◆ **Provided data**:

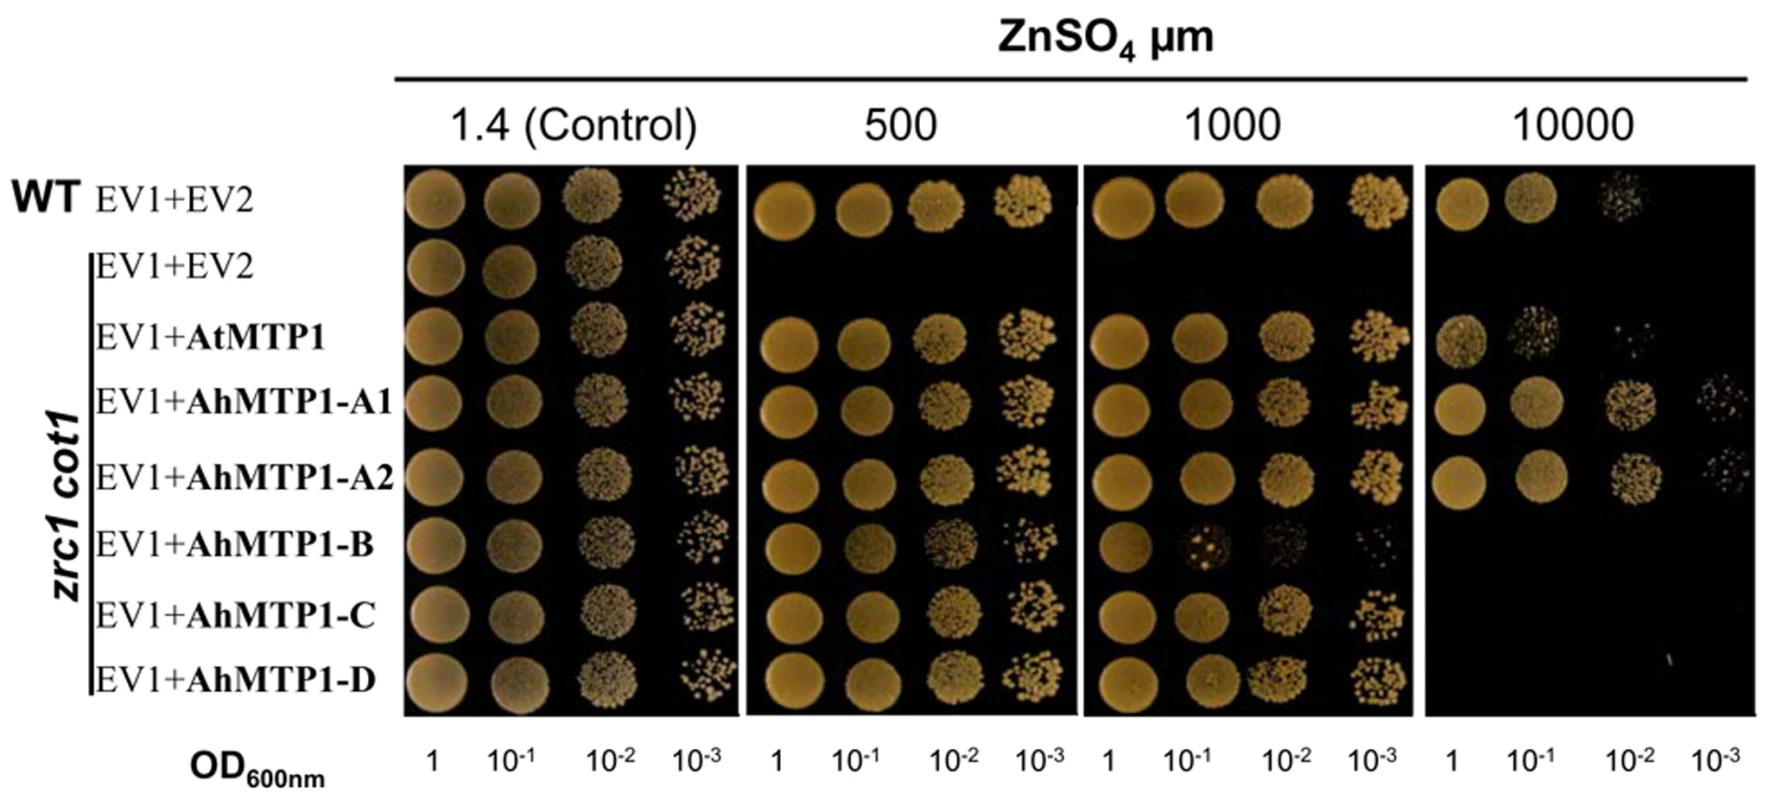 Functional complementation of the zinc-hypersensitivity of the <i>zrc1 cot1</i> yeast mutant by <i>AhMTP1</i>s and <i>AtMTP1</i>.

* * *

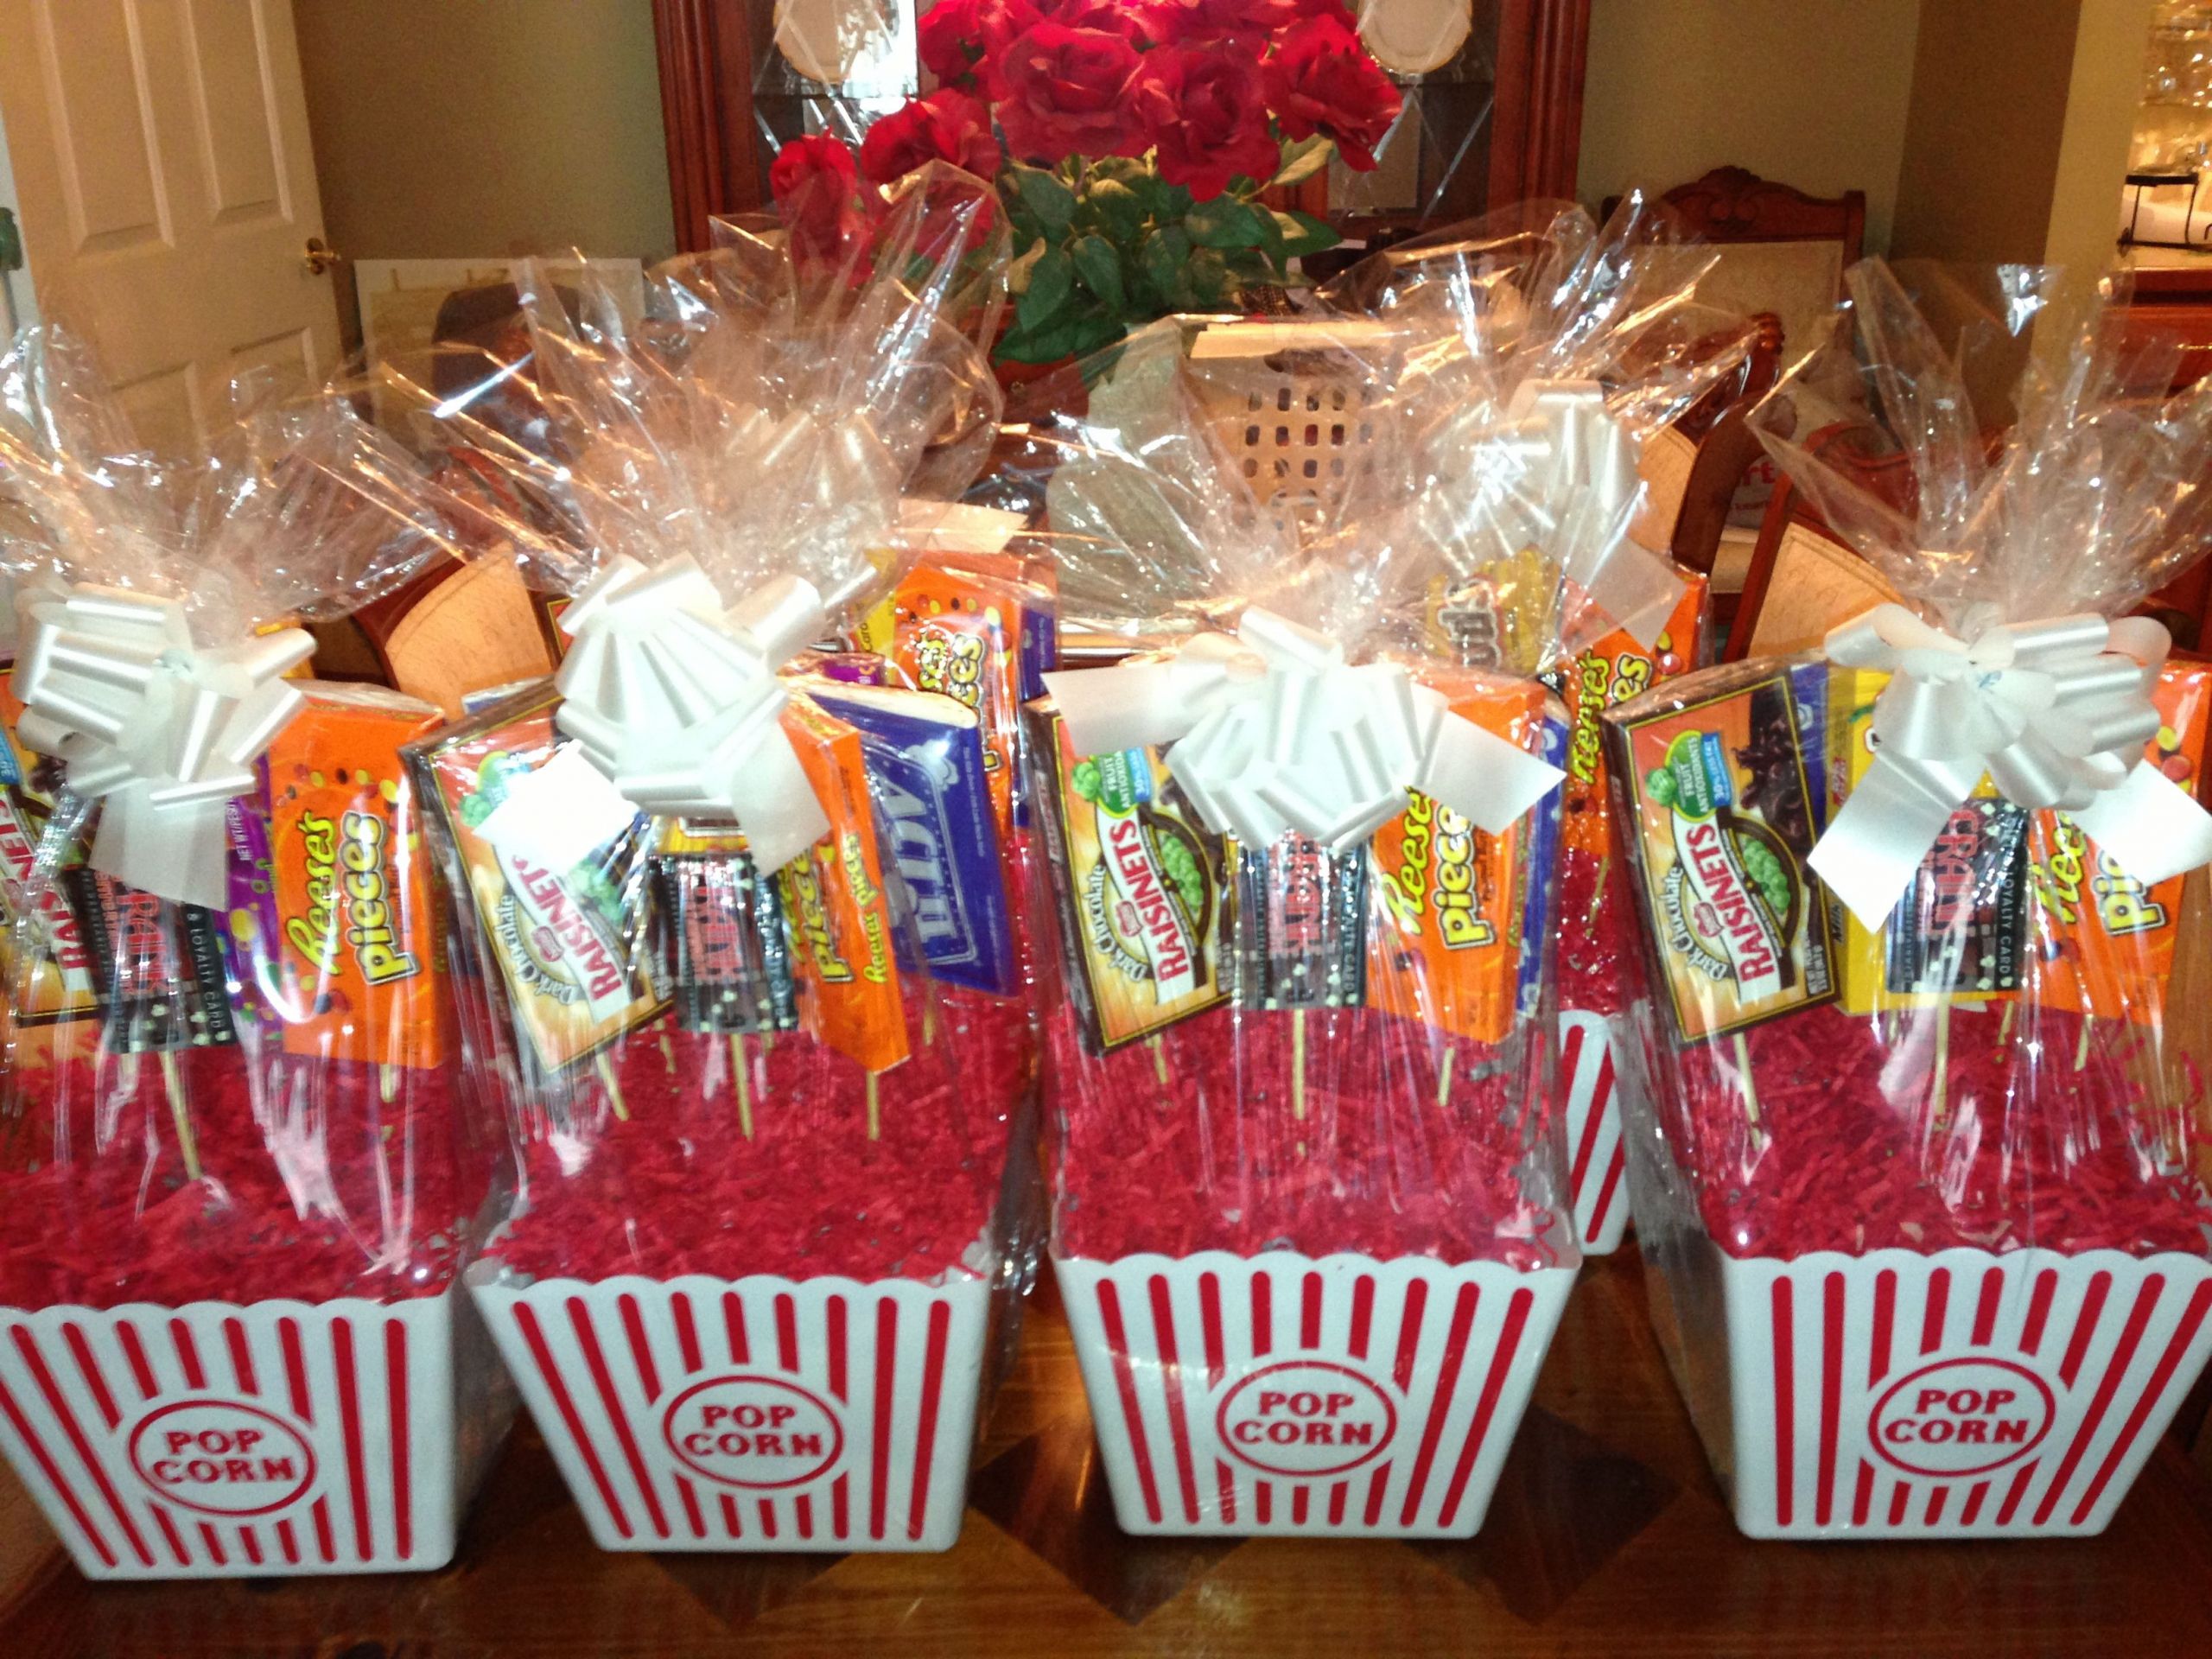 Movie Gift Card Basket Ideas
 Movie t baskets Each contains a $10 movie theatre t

◆ **Task objective**: In the listing above, find the line containing "Movie Gift Card Basket Ideas". Output it and every line after it up to and including the line containing "Movie t baskets", exactly, but skip the pictures.

◆ **Completed task**:
 Movie Gift Card Basket Ideas
 Movie t baskets Each contains a $10 movie theatre t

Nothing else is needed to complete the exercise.